_What the task asks_: Show each line of the data below that has the string "Bild" in it.

━━━━━━

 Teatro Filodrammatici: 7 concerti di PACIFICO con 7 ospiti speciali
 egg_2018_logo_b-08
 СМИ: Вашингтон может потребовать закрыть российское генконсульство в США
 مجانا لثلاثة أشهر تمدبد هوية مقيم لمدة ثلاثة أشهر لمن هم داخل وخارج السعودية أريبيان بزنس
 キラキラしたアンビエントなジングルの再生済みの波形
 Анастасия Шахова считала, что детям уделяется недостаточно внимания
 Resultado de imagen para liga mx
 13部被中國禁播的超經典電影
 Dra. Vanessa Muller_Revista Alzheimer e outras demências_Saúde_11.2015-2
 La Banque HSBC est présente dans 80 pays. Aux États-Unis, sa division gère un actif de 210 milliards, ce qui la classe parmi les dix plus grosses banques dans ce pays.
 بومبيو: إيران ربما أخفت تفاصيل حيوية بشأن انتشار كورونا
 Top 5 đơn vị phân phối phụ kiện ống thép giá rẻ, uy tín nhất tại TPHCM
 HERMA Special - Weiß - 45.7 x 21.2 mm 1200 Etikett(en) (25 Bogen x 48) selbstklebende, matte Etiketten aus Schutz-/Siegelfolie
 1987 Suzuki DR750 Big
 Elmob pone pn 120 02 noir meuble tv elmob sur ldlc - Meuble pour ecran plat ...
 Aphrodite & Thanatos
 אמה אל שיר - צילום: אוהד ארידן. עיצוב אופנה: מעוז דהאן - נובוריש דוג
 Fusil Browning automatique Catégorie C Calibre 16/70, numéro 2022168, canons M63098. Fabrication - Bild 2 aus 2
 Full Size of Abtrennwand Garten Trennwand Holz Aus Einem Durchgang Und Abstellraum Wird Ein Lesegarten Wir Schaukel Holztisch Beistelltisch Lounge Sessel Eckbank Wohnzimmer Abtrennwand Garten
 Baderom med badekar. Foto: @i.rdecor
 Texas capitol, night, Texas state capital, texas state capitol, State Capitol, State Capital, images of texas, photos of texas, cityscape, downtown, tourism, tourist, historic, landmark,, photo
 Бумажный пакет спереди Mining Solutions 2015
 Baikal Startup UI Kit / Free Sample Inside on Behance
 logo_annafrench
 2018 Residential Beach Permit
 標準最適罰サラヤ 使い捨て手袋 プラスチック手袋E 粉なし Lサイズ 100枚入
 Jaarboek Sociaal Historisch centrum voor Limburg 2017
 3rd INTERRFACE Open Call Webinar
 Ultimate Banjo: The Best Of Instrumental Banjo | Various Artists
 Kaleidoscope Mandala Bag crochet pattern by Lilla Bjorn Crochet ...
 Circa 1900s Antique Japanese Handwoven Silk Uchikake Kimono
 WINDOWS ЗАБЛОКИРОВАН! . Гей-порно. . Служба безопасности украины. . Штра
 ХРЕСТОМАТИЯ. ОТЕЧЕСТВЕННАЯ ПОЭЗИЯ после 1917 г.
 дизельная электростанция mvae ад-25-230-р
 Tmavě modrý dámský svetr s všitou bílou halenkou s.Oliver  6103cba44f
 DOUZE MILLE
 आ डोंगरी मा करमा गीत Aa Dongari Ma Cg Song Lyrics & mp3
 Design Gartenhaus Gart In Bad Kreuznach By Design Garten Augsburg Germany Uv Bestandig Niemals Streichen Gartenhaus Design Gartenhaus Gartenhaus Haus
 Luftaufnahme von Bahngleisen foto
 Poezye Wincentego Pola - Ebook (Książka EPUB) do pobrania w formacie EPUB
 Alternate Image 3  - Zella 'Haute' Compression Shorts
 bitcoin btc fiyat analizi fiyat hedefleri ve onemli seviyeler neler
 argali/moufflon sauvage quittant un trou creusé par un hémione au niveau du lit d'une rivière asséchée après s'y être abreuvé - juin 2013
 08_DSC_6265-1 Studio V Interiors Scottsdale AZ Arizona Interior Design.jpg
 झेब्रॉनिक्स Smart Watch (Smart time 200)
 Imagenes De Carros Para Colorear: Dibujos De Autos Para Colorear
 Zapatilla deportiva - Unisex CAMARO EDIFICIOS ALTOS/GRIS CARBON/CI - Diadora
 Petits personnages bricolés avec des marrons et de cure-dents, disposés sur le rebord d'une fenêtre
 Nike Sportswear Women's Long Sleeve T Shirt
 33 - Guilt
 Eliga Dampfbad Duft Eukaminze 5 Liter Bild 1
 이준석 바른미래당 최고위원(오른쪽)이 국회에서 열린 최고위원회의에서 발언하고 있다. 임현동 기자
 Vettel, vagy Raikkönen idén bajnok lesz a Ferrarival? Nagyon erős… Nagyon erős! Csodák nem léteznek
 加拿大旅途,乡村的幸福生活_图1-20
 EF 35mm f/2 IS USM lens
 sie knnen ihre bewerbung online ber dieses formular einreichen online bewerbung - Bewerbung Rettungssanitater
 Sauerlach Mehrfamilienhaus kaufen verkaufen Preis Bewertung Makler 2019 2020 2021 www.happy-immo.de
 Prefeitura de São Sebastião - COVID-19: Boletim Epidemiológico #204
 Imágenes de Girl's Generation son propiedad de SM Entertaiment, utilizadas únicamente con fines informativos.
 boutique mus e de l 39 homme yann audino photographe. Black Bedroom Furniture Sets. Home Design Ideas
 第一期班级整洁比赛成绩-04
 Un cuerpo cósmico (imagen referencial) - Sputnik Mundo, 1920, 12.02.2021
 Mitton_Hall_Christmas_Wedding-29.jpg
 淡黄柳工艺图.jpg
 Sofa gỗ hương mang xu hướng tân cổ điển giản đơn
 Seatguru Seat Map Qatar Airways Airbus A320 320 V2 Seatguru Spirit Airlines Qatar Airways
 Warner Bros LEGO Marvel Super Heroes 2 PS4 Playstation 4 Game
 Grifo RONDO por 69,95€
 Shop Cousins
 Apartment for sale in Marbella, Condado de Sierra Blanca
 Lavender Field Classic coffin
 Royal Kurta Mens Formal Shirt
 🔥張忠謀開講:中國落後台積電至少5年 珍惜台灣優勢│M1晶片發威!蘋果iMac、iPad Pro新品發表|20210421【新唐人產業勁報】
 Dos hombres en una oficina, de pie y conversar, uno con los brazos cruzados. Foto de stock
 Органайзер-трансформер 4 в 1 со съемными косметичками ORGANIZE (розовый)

━━━━━━

_Output_:
 Fusil Browning automatique Catégorie C Calibre 16/70, numéro 2022168, canons M63098. Fabrication - Bild 2 aus 2
 Eliga Dampfbad Duft Eukaminze 5 Liter Bild 1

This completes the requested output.